In this case, it is the variable \(x\).
This specific problem class has a helper method called get_zero_decision (not part of the mandatory interface), that returns a decision of the right shape and structure, filled with zeros.
[24]:
# Let us explore the decision structure
print(problem.decision_structure)
Ports Features
Name
source None [value]
Notice that decisions concern only a subset of the classes available in the context, and that they have no port and just features.
[25]:
# Print the context graph associated to the problem instance
decision, _ = problem.get_zero_decision()
print(decision)
source
features
value
object_id
0 0.0
1 -0.0
2 0.0
3 0.0
Objective Function¶
The score of a given decision is instantiated as a float.
In this case, we use the Mean Squared Error \(\frac{1}{2} \Vert x - x^\star \Vert^2\), where \(x^\star\) is the solution.

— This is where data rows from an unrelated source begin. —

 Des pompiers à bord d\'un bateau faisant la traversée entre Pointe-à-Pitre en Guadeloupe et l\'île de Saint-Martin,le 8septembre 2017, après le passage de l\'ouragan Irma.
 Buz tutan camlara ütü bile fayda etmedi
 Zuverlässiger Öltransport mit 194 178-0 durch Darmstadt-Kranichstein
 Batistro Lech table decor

We can evaluate it by injecting the zero decision we have just retrieved.
[26]:
score, _ = problem.get_score(decision=decision)
print(score)
0.2227775752544403
Gradient Graph¶
The gradient of the objective function is instantiated as an energnn.graph.Graph object.
In this case, it is the vector \(x-x^\star\). Notice that for more complex use cases, the gradient can have more complex expressions, or even require Monte-Carlo simulations.
We can evaluate it by injecting the zero decision.
[27]:
gradient, _ = problem.get_gradient(decision=decision)
print(gradient)
source
features
value
object_id
0 -0.070729
1 0.334200
2 -0.873894
3 -0.103574
Notice that this gradient is the exact same type of object as the decision.
Just as a quick sanity check, we can perform a gradient descent and make sure that the objective decreases.
[28]:
from energnn.graph import JaxGraph
alpha = 0.5
objective, _ = problem.get_score(decision=decision)
print(f"Step 0, objective = {objective}")
for i in range(10):
gradient, _ = problem.get_gradient(decision=decision)
# Update decision
numpy_gradient = gradient.to_numpy_graph() # For now, we need to convert the gradient to a numpy graph.
numpy_decision = decision.to_numpy_graph()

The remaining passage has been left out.